The problem with mathematical approaches is (as Richard points out) that the "apparent" aperture determines the f number, along with the focal length. Differing designs of lenses have differing "apparent" apertures. You can see this by taking the front cell off a lens. The aperture will look different with and without the cell in place. Apparent aperture sizes are not easy to measure, The usual way is by a "traveling" micrometer. This is a little telescope with a vertical guideline which is mounted on a transverse calibrated slide. You look at the front of the lens in question, move the telescope so that it lines up with first one side of the aperture, then the other, and read the slide markings in each position. People have made up devices which are crude simulations of the traveling micrometer. The accuracy of these would be adequate when one considers that the difference from one stop to another is X2.

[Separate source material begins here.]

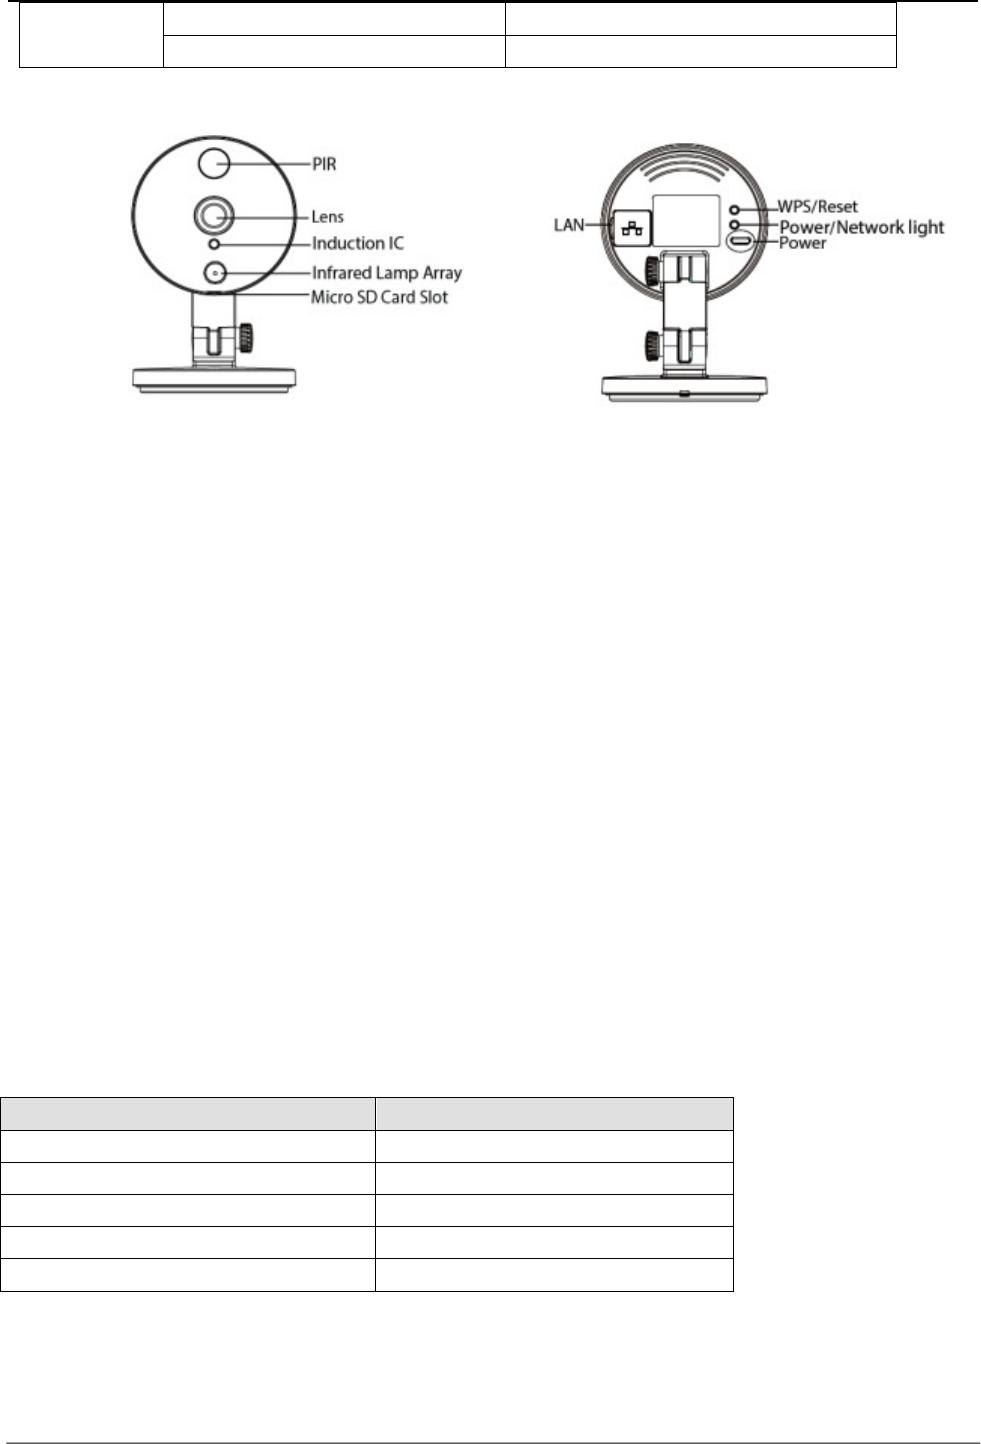 Shenzhen Foscam Intelligent Technology R2 Fhd Wireless Ip Camera Wiring Diagram Co Limited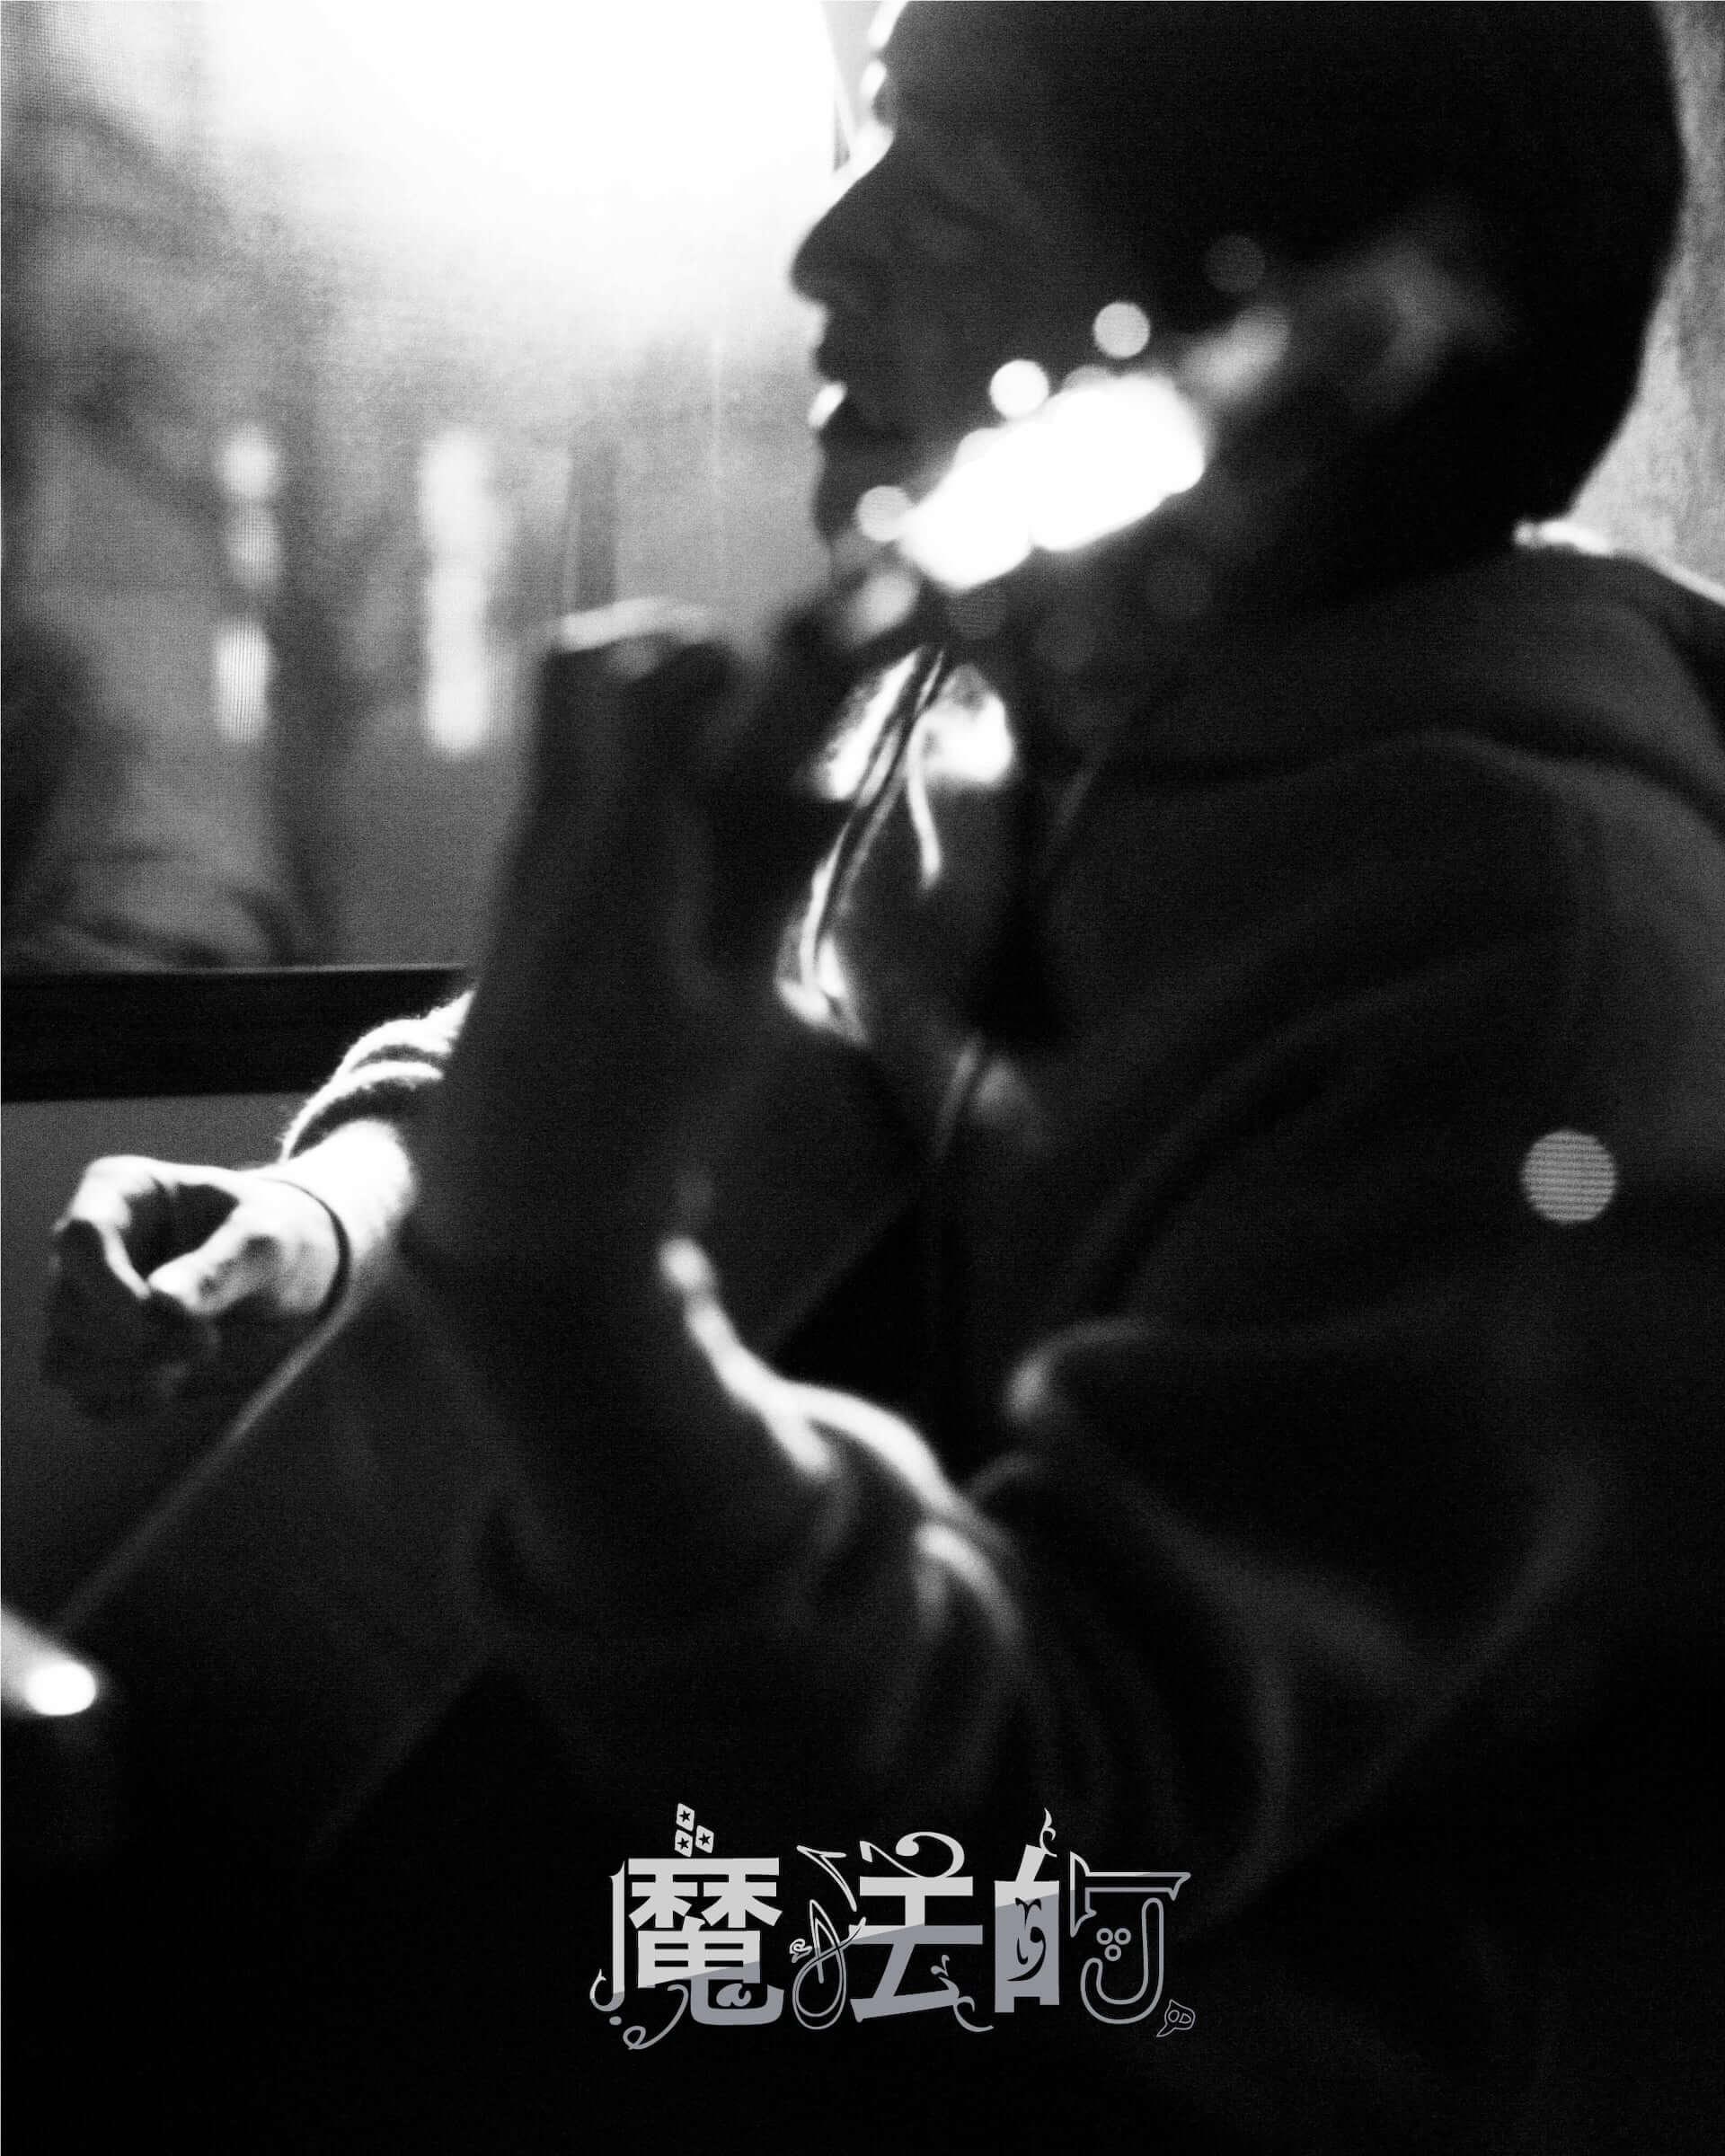 小沢健二が武道館など巡るアリーナツアー<aルbイmイseルf 魔法的ひとりArena>を開催決定!代表曲の最新アレンジや新曲も披露 music201209_ozawa-kenji_1-1920x2400

I think the most feasible approach is to aim the camera at a plain wall and use an exposure meter at the groundglass to compare between a known lens and that for which a new scale is desired. Ordinary care to assure that all conditions remain the same between readings should give a satisfactory result;.

8. ## calculating aperture scale - an easy way?

Mike,

Not being a mathematician in any way, shape, or form, I decided to send my 360 in to the good folks at S.K. Grimes. They engraved the aperture scale onto the copal shutter directly.

And, might I say... they did a great job of it!

Cheers

9. ## calculating aperture scale - an easy way?

[pre]
Tim,

The calculation is the same. For a 135 mm lens, the factor is 135/210,
or 0.643. So f/22 on a shutter marked for a 210, would be 0.643 x 22.6 or
14.5. Using the table below, f/14.5 is 1 & 1/3 stops faster than f/22.
Going the other way, if you want to set the f/stop with the 135 to f/22,
divide by 0.643. So you'd set the aperture for 22/0.643 = f/34.2, which
is about 1/3 stop past f/32.

I've included a lookup table below based on that published in the SPSE
Handbook.

The most convenient approach is to mark a piece of tape with the f/stop spacing
off the Copal scale, and slide it over to one side before pasting it on. The
shift is equal to the exposure factor. For the 135 example, the f/22 mark on
the tape would be placed at f/34.5 (1 &1/3 stops) on the scale for the 210 mm
lens. If you're changing focal lengths permanently, you can just drill the scale
and move it over by the desired compensation.

First Second
Whole Half Third Third
Stops Stops Stop Stop

1.00 1.19 1.12 1.26
1.41 1.68 1.59 1.78
2.00 2.38 2.24 2.52
2.83 3.36 3.17 3.56
4.00 4.76 4.49 5.04
5.66 6.73 6.35 7.13
8.00 9.51 8.98 10.08
11.31 13.45 12.70 14.25
16.00 19.03 17.96 20.16
22.63 26.91 25.40 28.51
32.00 38.05 35.92 40.32
45.25 53.82 50.80 57.02
64.00 76.11 71.84 80.63
90.51 107.63 101.59 114.04

I hope that helps. I'm under the weather, so if it isn't clear,
drop a note and I'll reply when I'm feeling better.

Mike

[/pre]

10. ## calculating aperture scale - an easy way?

It's not that tough, and it doesn't have to be dead on for a temporary test. Hold the lens about two feet away and measure the aperture diameter with a pair of vernier calipers. The elements must be in place, thus you get the apparent aperture. If it's a 150mm lens, f/11 will be a 150/11 apparent aperture, or 13.6 mm. And so on. Adjust to the sizes you want, and mark the tape.